▶ EXERCISE AIM: A copy of the listing below is needed, exact in every line and without images.

▶ INPUT DATA:
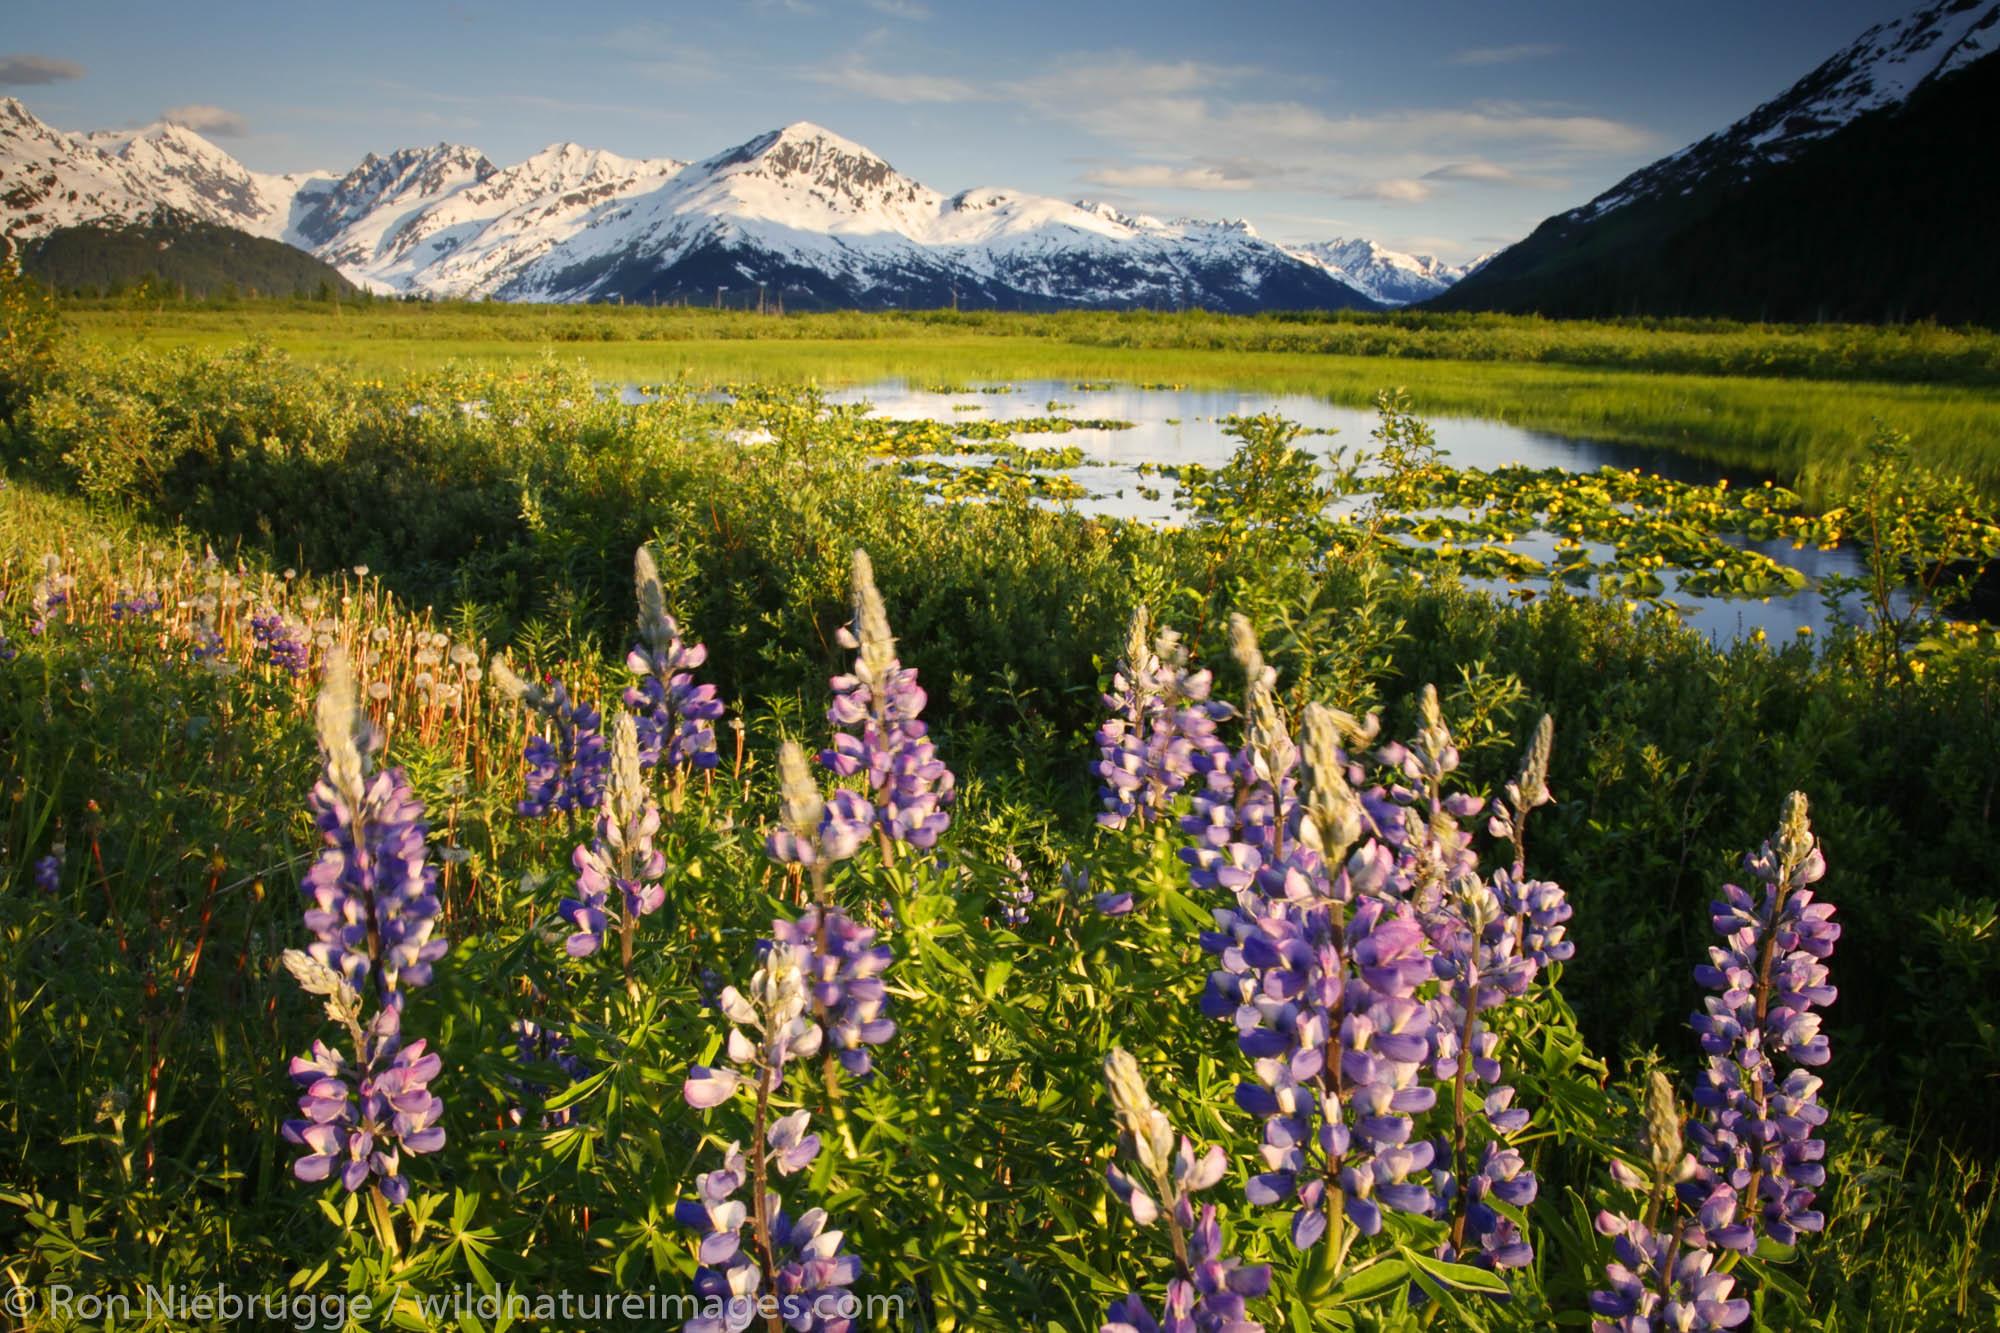 Lupine blooms along Turnagain Arm, Chugach National Forest, Alaska.
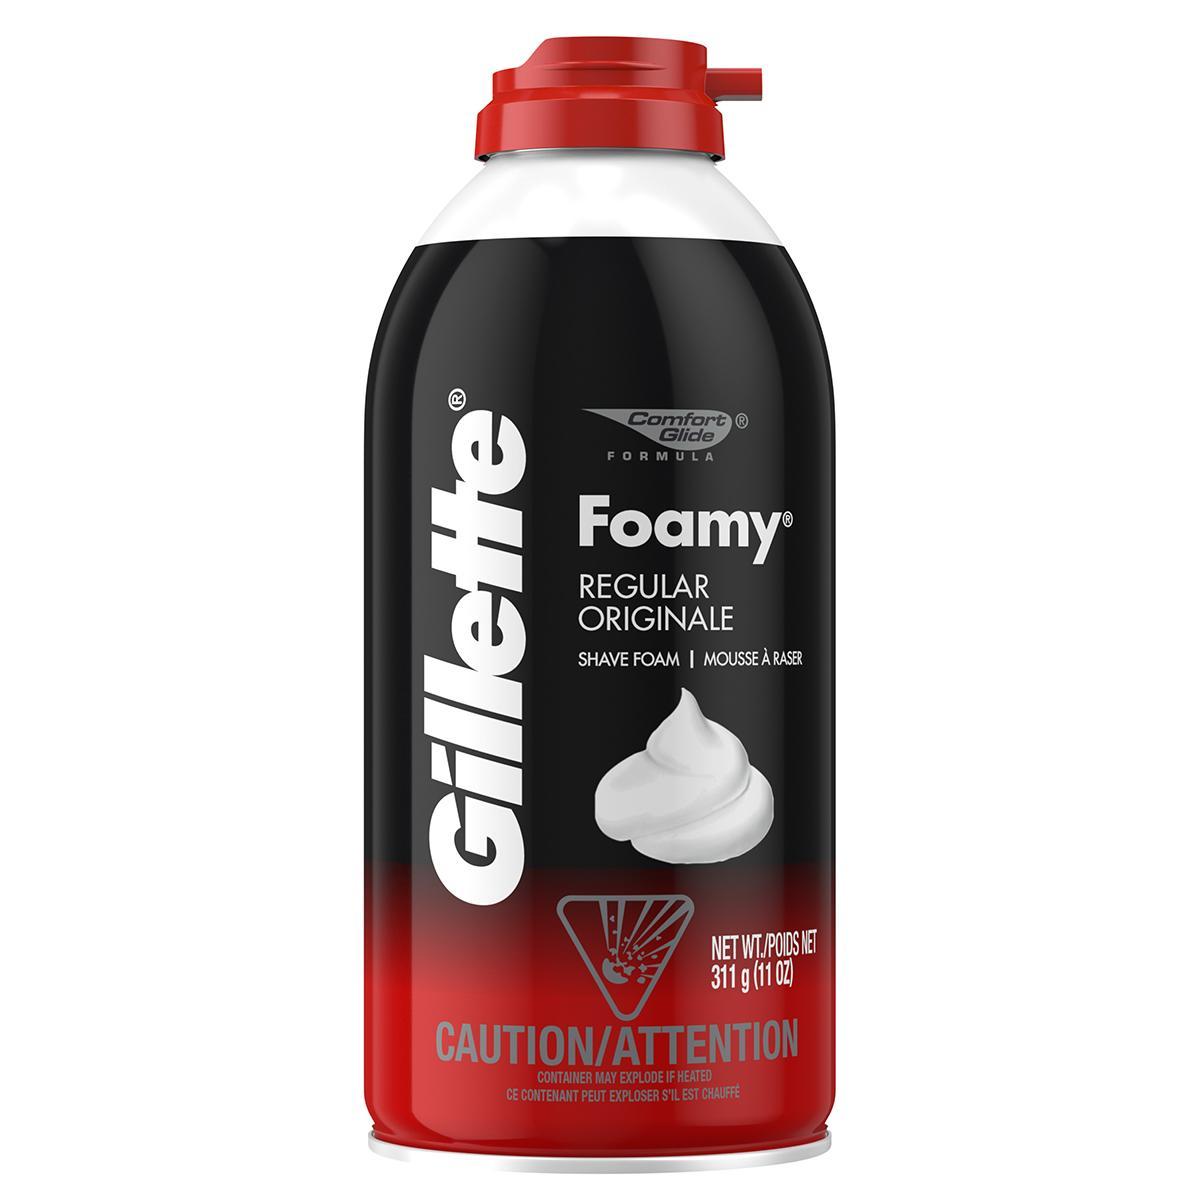 Kem cạo râu Gillette Regular Originale 311g (nhập khẩu mỹ) - Đỏ cao cấp
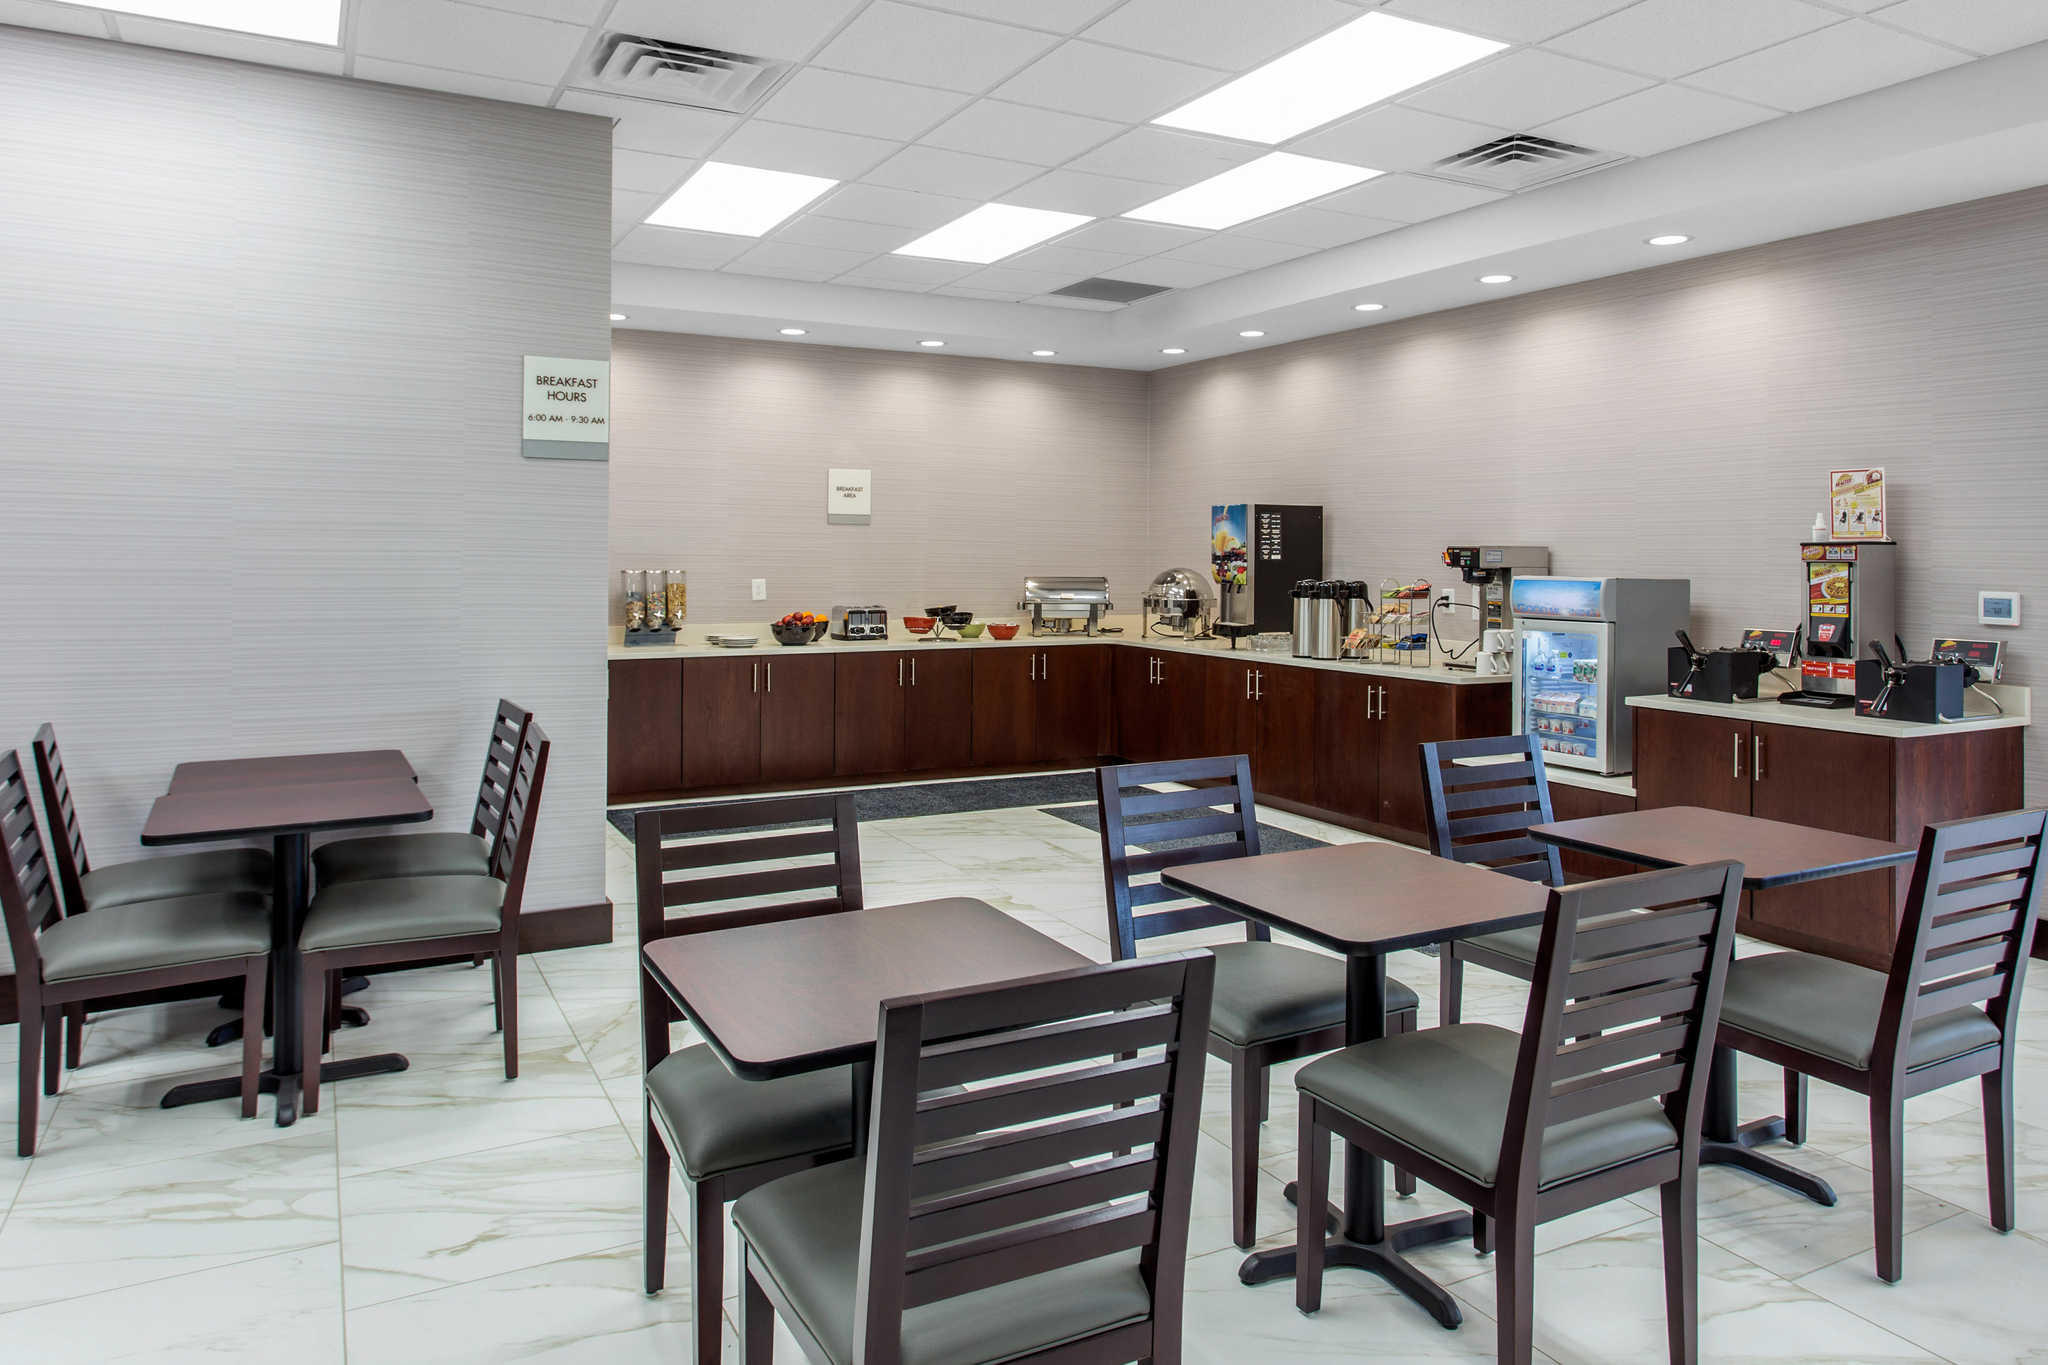 Clarion Inn & Suites image 28

▶ SOLUTION BELOW:
 Lupine blooms along Turnagain Arm, Chugach National Forest, Alaska.
 Kem cạo râu Gillette Regular Originale 311g (nhập khẩu mỹ) - Đỏ cao cấp
 Clarion Inn & Suites image 28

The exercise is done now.